» Records provided:
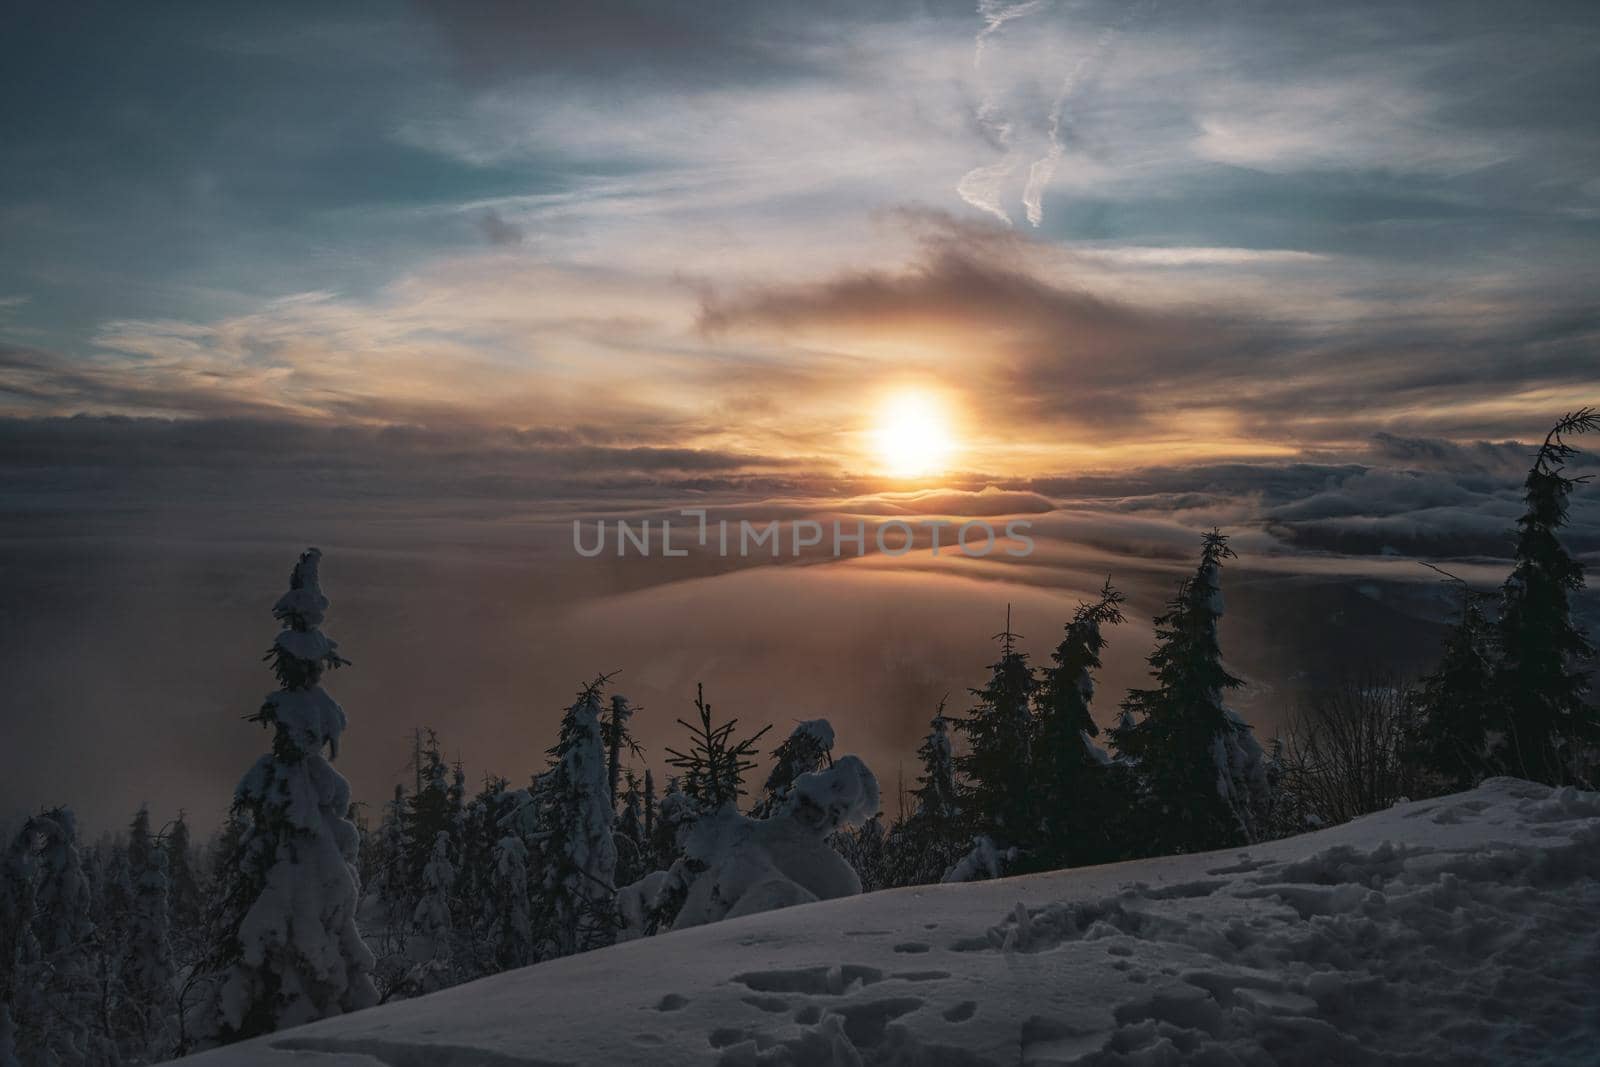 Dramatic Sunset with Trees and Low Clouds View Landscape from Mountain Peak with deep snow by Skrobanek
* * *
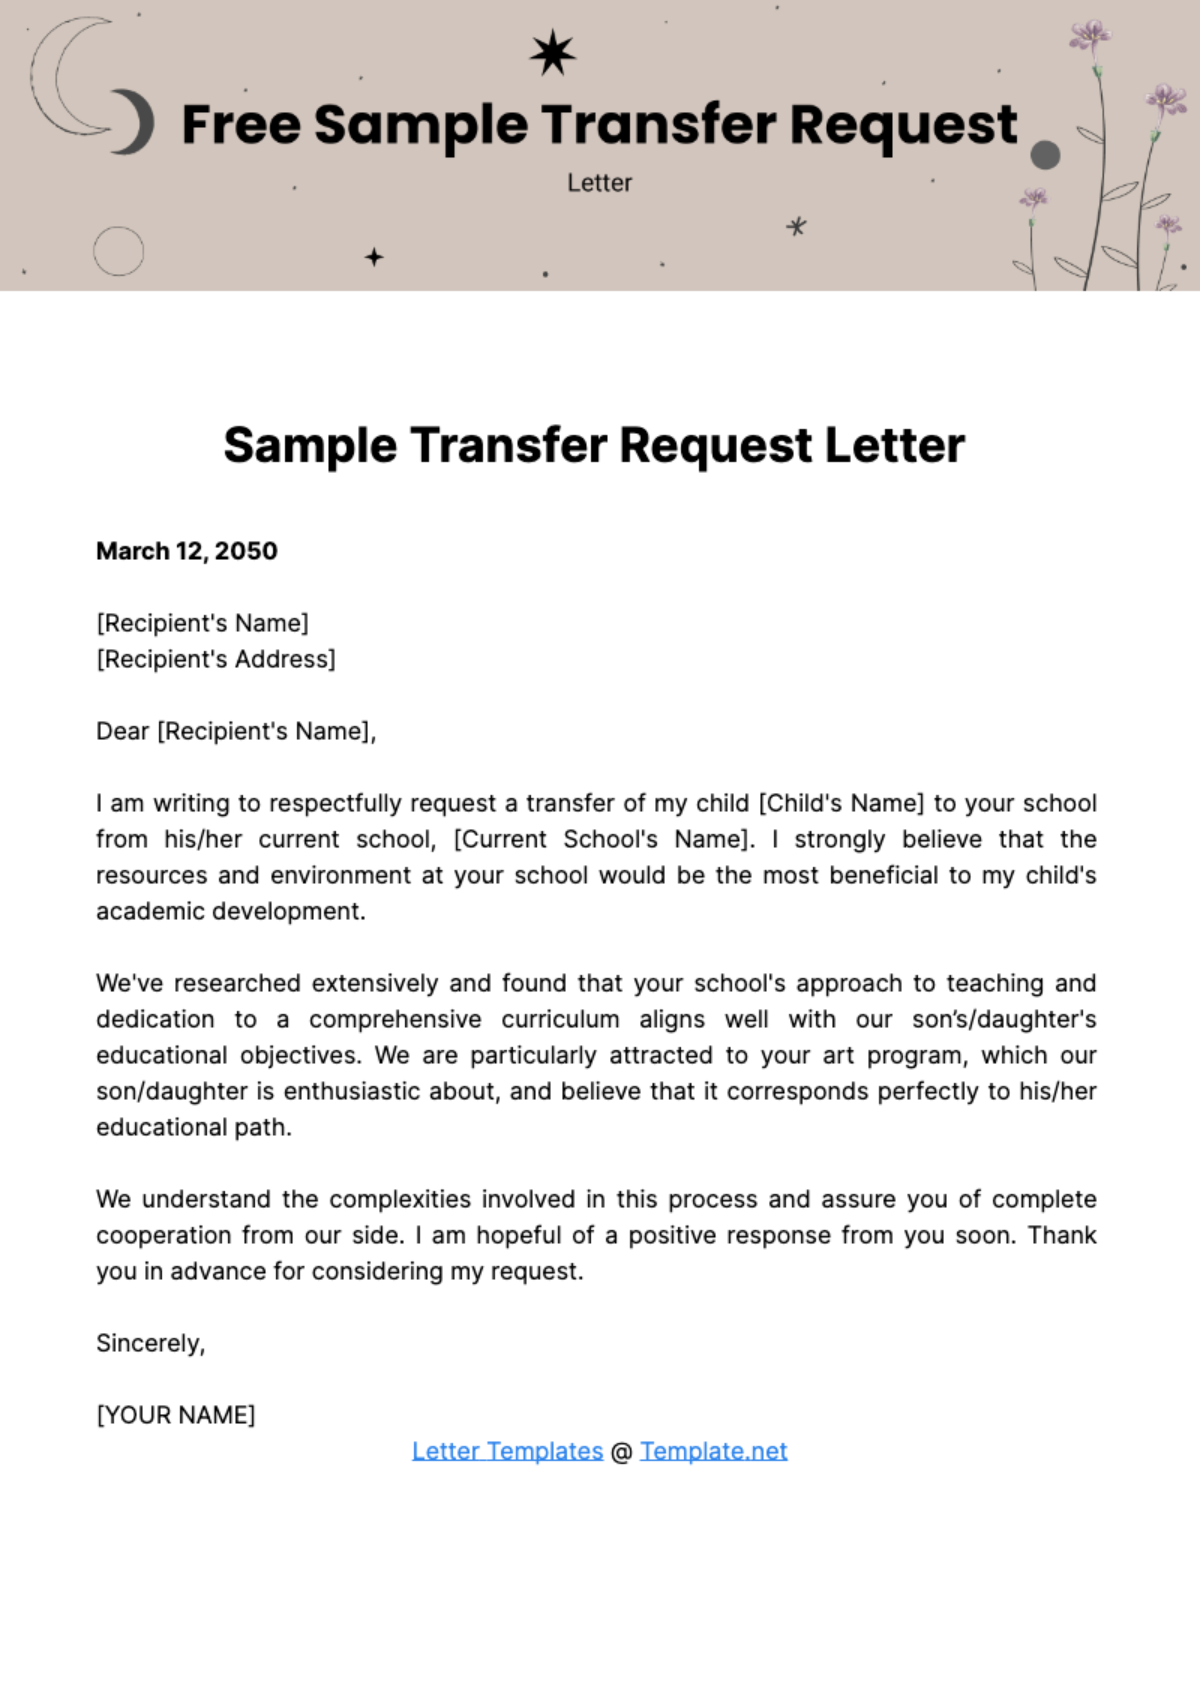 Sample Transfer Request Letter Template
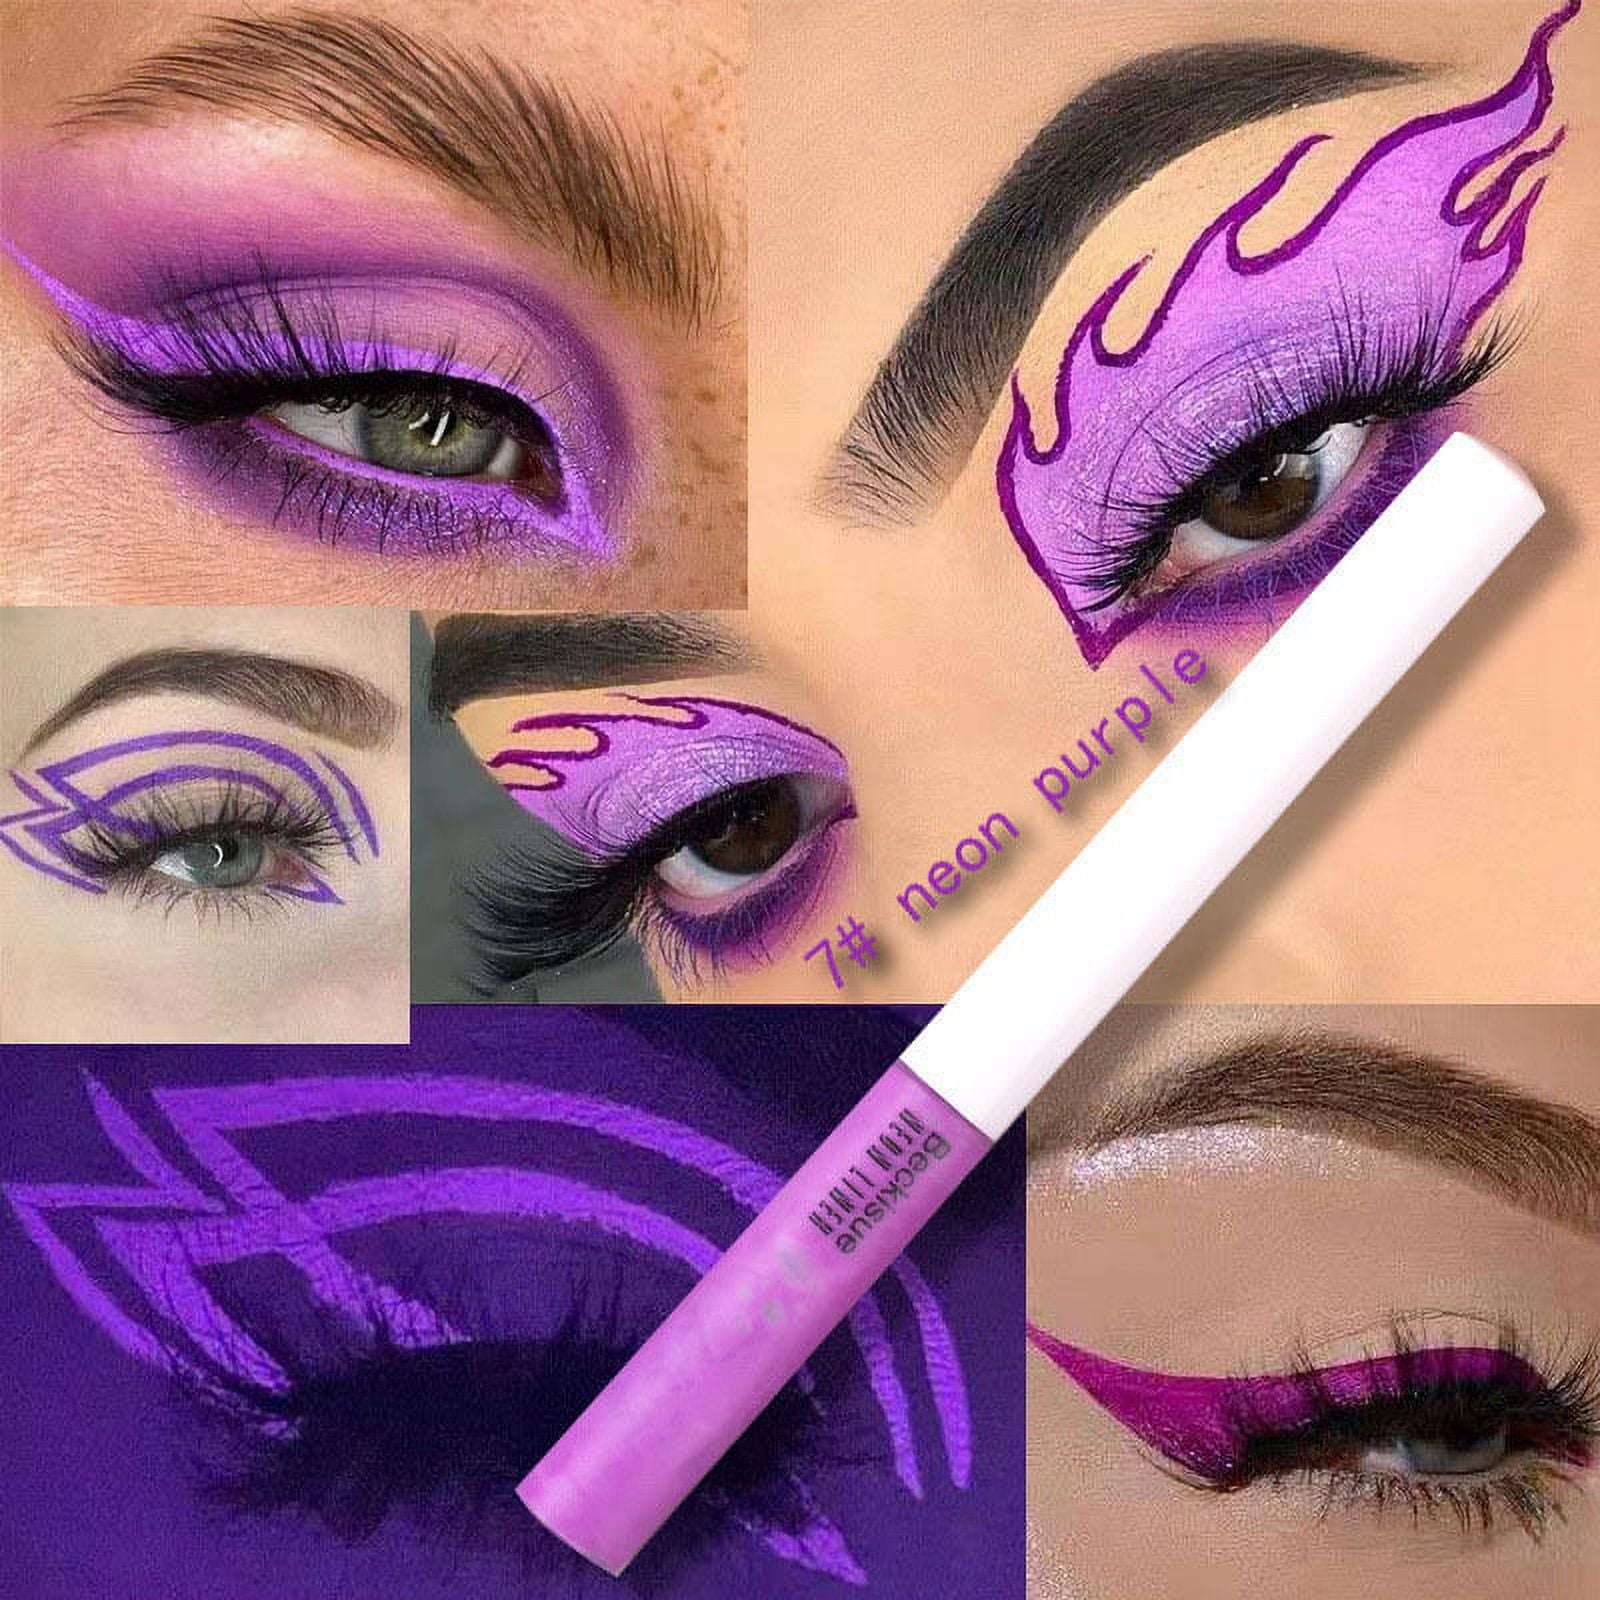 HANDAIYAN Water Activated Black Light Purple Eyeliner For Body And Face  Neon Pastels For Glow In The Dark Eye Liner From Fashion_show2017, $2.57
...
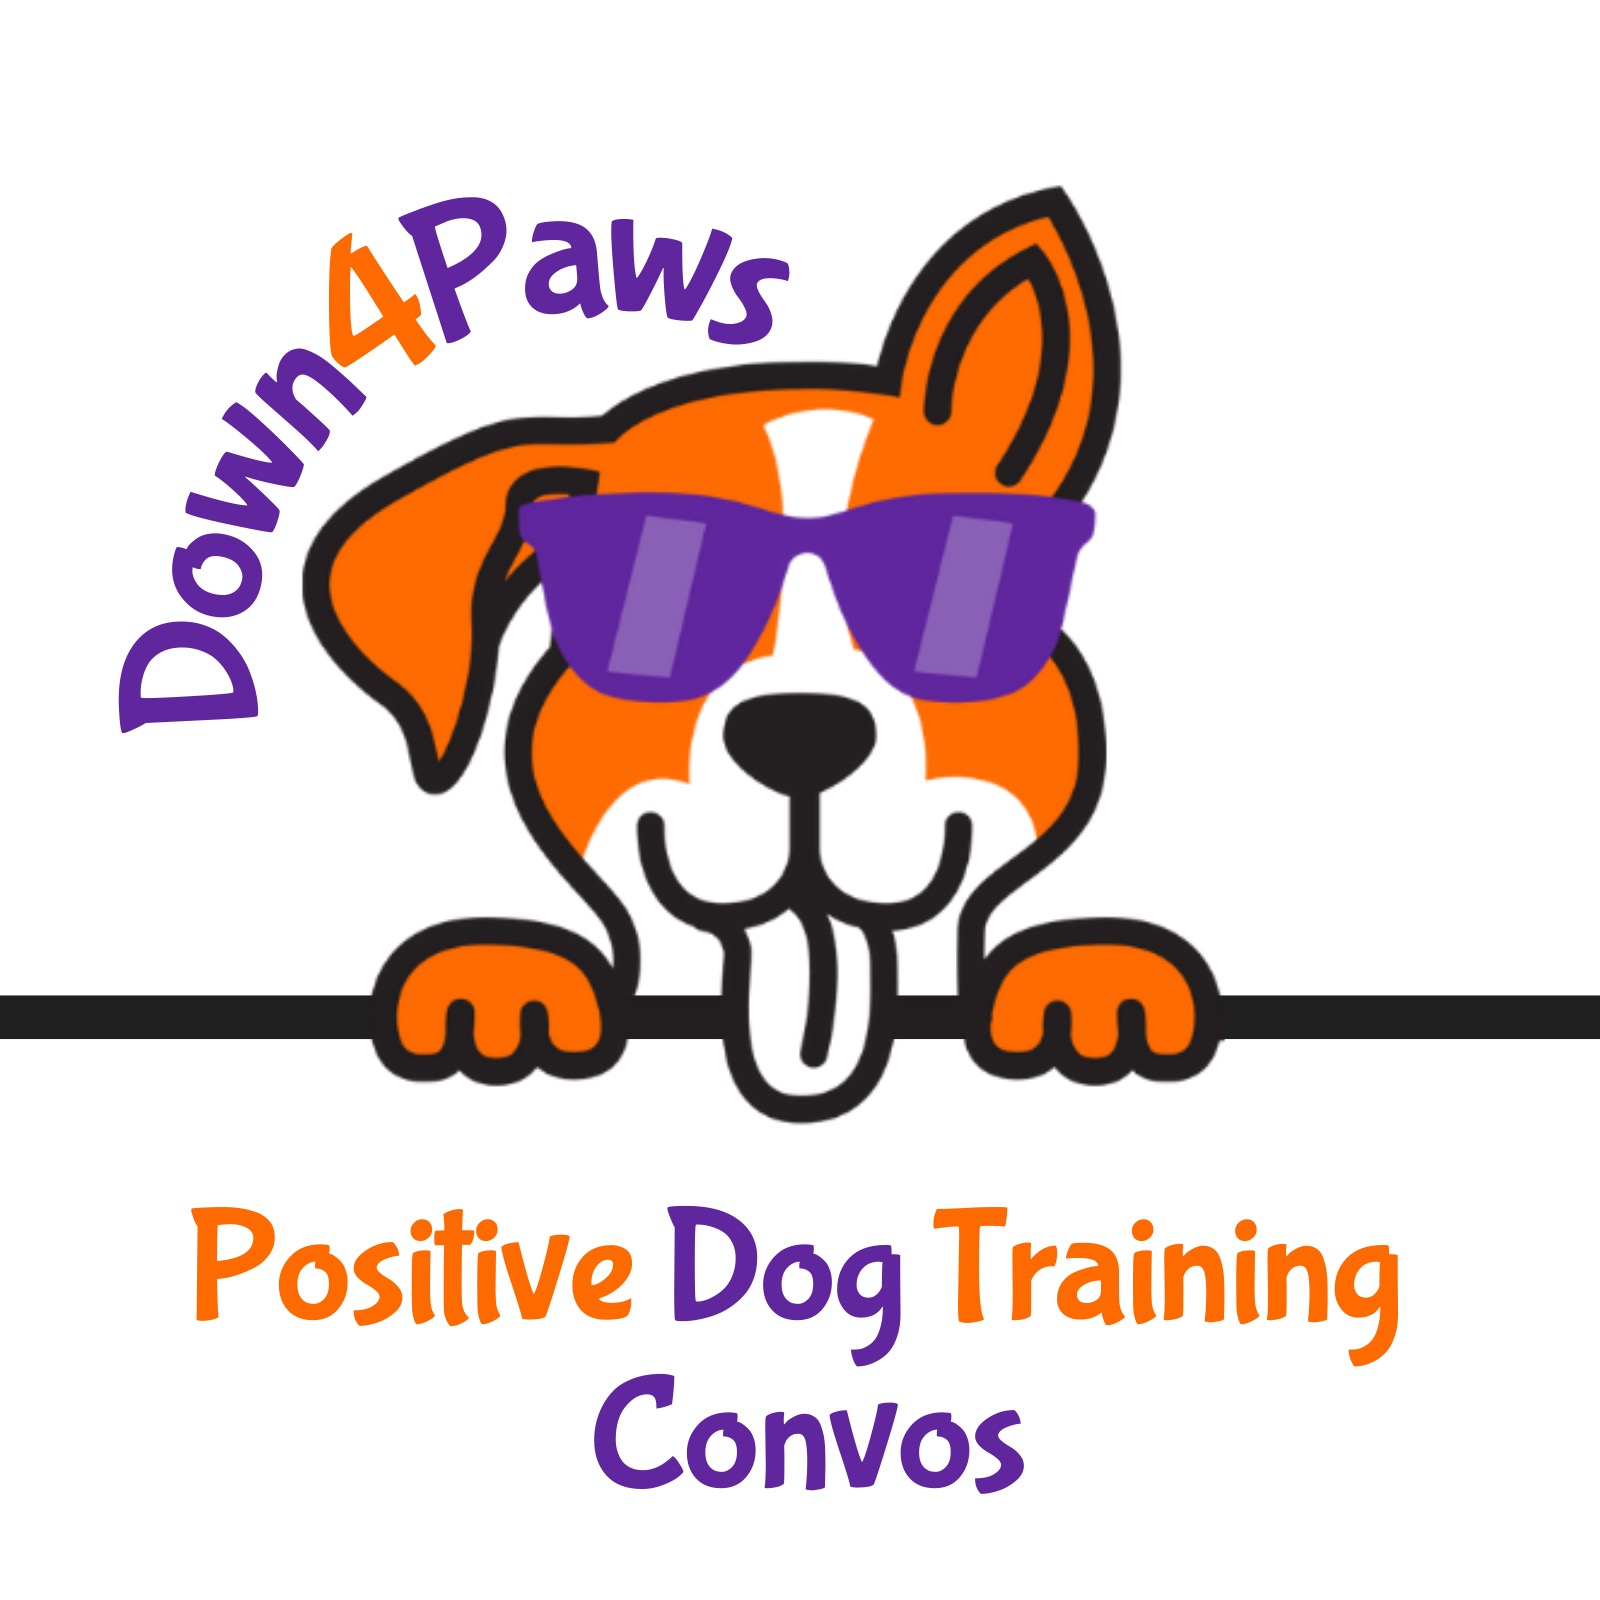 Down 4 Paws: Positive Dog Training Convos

» Exercise details:
After locating "Sample Transfer Request Letter Template" and "HANDAIYAN Water Activated" in the records above, return exactly the line holding each one and every line between them; leave out the pictures.

» Answer section:
 Sample Transfer Request Letter Template
 HANDAIYAN Water Activated Black Light Purple Eyeliner For Body And Face  Neon Pastels For Glow In The Dark Eye Liner From Fashion_show2017, $2.57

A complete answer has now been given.